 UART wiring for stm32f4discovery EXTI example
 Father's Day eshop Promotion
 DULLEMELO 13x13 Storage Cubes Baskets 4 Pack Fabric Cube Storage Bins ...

==============================

▶ **Work request**
Each line above should be output exactly as written.

▶ **Written response**
 UART wiring for stm32f4discovery EXTI example
 Father's Day eshop Promotion
 DULLEMELO 13x13 Storage Cubes Baskets 4 Pack Fabric Cube Storage Bins ...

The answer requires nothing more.